As all eigenvalues of $A$ is $1$, $A-I$ has only one eigenvalue $0$, and $A-I$ is nilpotent.

On the other hand, $A^k$ has also only one eigenvalue $1$, so $A^k-I$ is also nilpotent.

According to the discussion above, it suffices to show $$ \text{rank}\, (A-I)^i = \text{rank}\, (A^k-I)^i. $$

Note that $$ A^k-I = (A-I)(A^{k-1}+A^{k-2}+\dotsb+I). $$ Denote $P\,\hat{=}\, A^{k-1}+A^{k-2}+\dotsb+I$. As all eigenvalue of $P$ is $k$, $P$ is invertible.
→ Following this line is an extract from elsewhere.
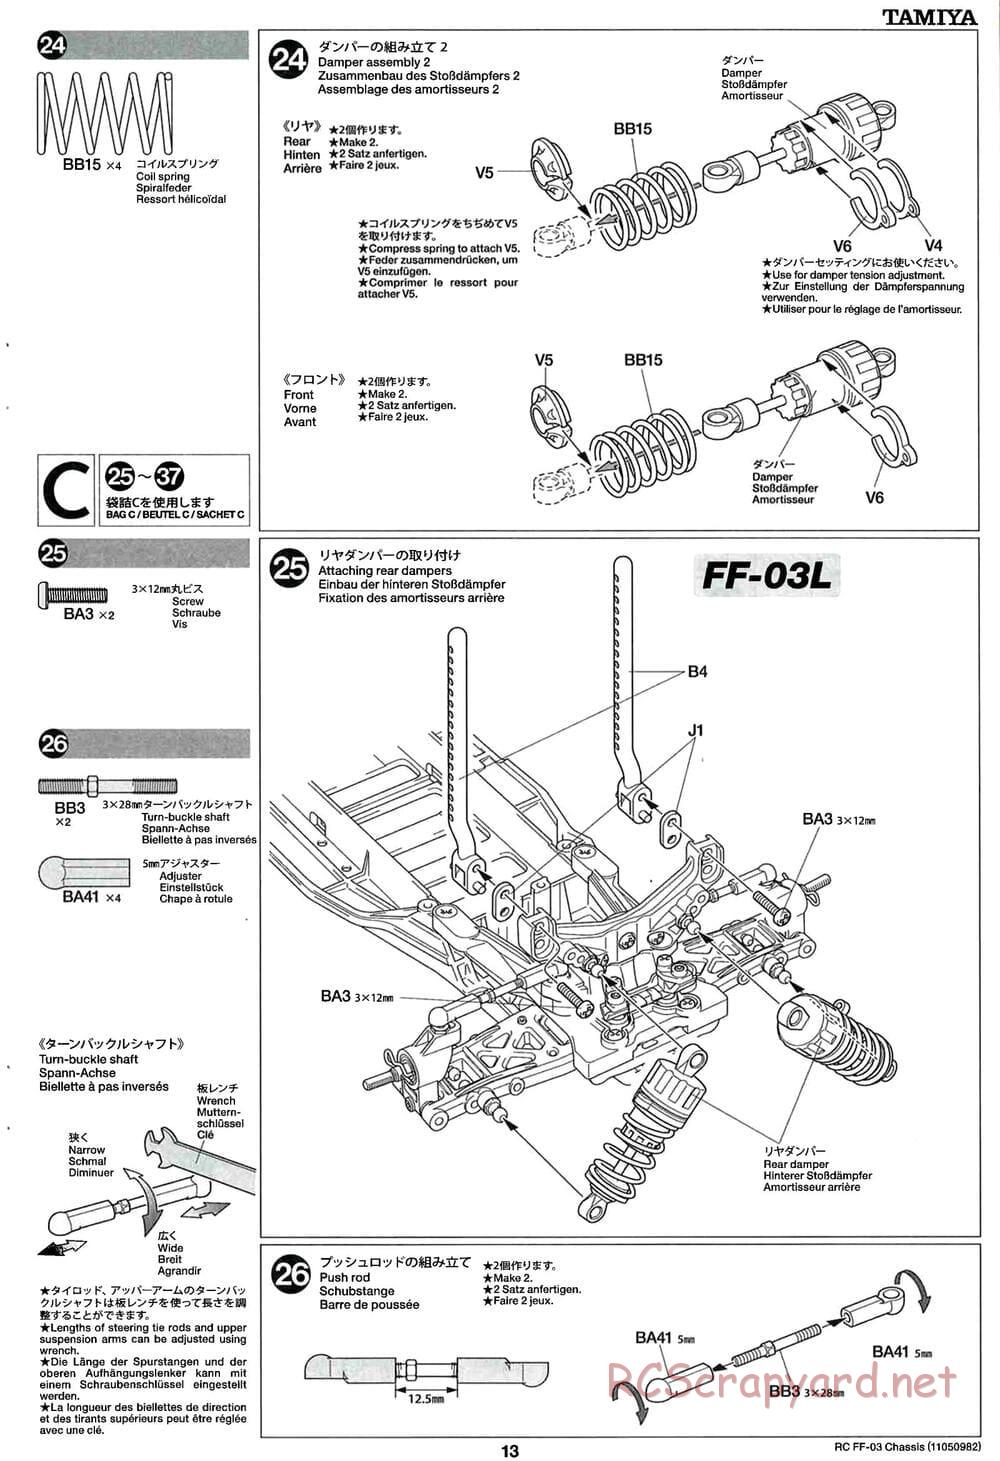 Tamiya - Honda CR-Z - FF-03 Chassis - Manual - Page 13

As we also have
$$ A^k-I = (A-I)P = P(A-I), $$ so $$ \text{rank}\,(A^k-I)^i = \text{rank}\,(A-I)^iP^i = \text{rank}(A-I)^i, $$ as desired.

Answer 2

A slightly less abstract and more calculative answer!
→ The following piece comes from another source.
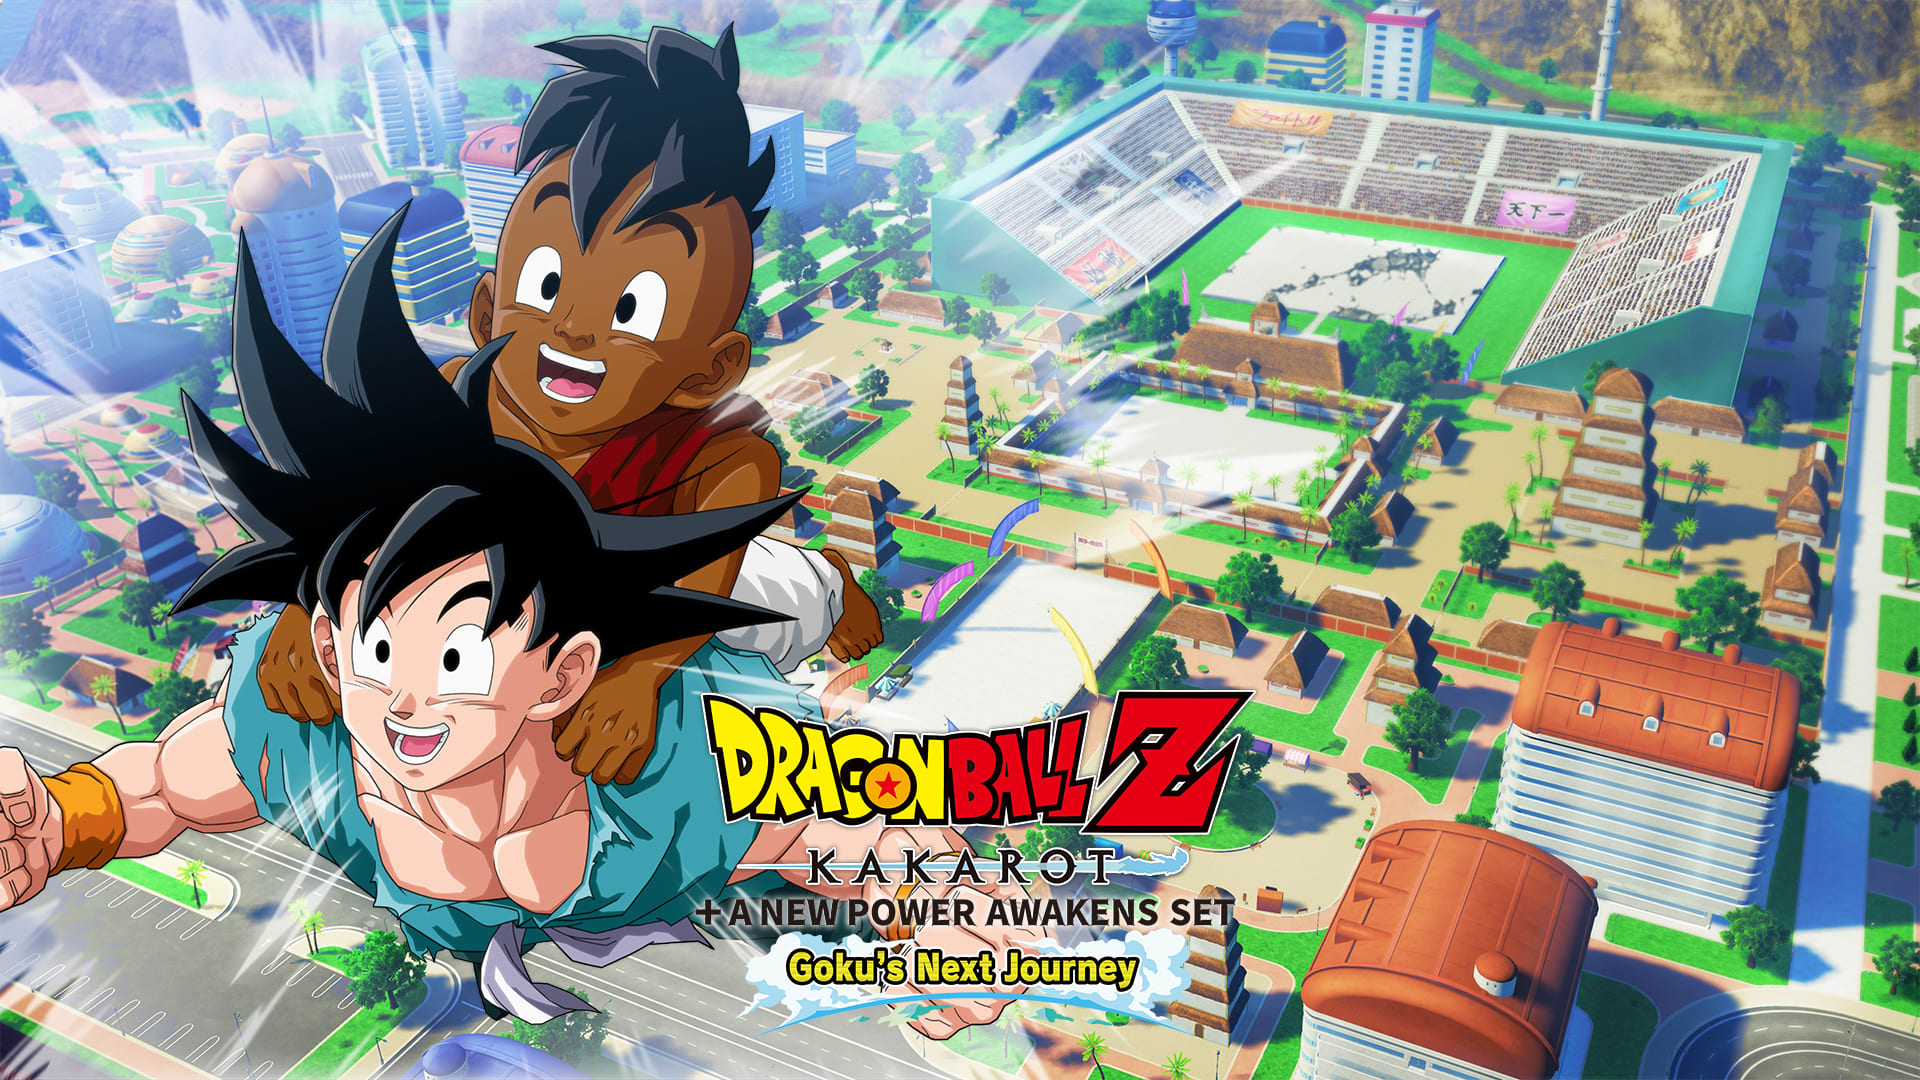 DRAGON BALL Z: KAKAROT + CONJUNTO EL DESPERTAR DE UN NUEVO PODER - La próxima aventura de Goku

Given the characteristic polynomial$(x-1)^n$ we know all the eigenvalues are $1$ and the jordan normal form of $A$ is a block diagonal matrix with Jordan blocks of different order in the form.
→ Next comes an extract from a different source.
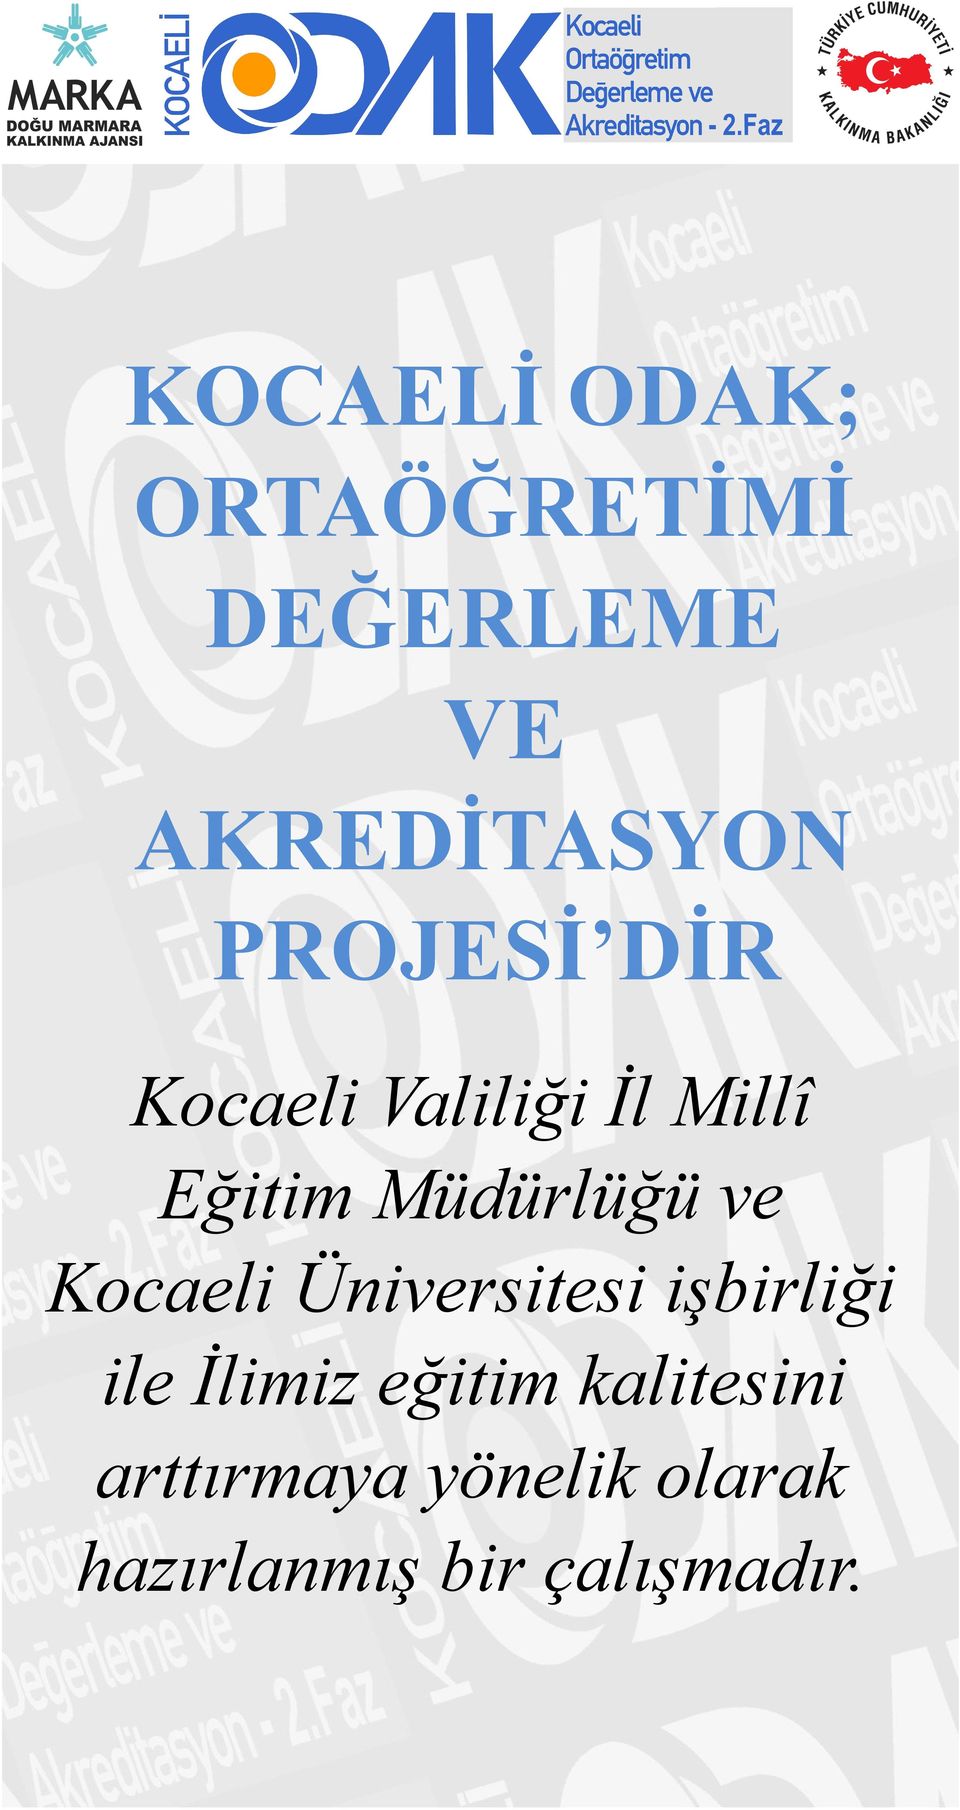 ve Kocaeli Üniversitesi işbirliği ile İlimiz eğitim

$$ PAP^{-1}=diag(J_{p_1}(1),J_{p_2}(1)...) $$ Then the $A^k$ is similar to a block diagonal matrix with same block structure. $$ PA^kP^{-1}=diag(J_{p_1}(1)^k,J_{p_2}(1)^k...)\\ $$

Given each jordan block defines its own invariant subspace, we just need to show any $J_{p}(1)^k$ is similar to $J_{p}(1)$

take an order $p$ jordan block as example $$J_p(1)=I+N= \begin{bmatrix} 1 & 1 & 0 & 0&... &0\\ 0 & 1 & 1 & 0&... &0\\ 0 & 0 & 1 & 1&... &0\\ &&&&...\\ 0 & 0 & 0 & 0&... &1\\ \end{bmatrix} $$

Then its power $k$ is $$ J_p(1)^k = (I+N)^k= \begin{bmatrix} 1 & \binom{k}{1} & \binom{k}{2} & \cdots & \cdots & \binom{k}{p-1} \\ & 1 & \binom{k}{1} & \cdots & \cdots & \binom{k}{p-2} \\ & & \ddots & \ddots & \vdots & \vdots\\ & & & \ddots & \ddots & \vdots\\ & & & & 1 & \binom{k}{1}\\ & & & & & 1 \end{bmatrix} $$ we just need to show $(I+N)^k$ is similar to $I+N$.

As the only eigenvalues $(I+N)^k$ and $I+N$ have are $1$, to show they are similar / have the same jordan normal form, we just need to show $1$ has the same geometric multiplicity, i.e. $I+N-I$ and $(I+N)^k-I$ have the same kernel dimension / same rank.

We know $rank(N)=p-1$, $$ (I+N)^k-I=\sum_{t=1}^k\binom{k}{t}N^t=kN+\binom{k}{2}N^2+...N^k\\ =N[kI+\binom{k}{2}N+...N^{k-1}] $$ Since $[I+\binom{k}{2}N+...N^{k-1}]$ is full rank, then $rank((I+N)^k-I)=rank N=p-1$.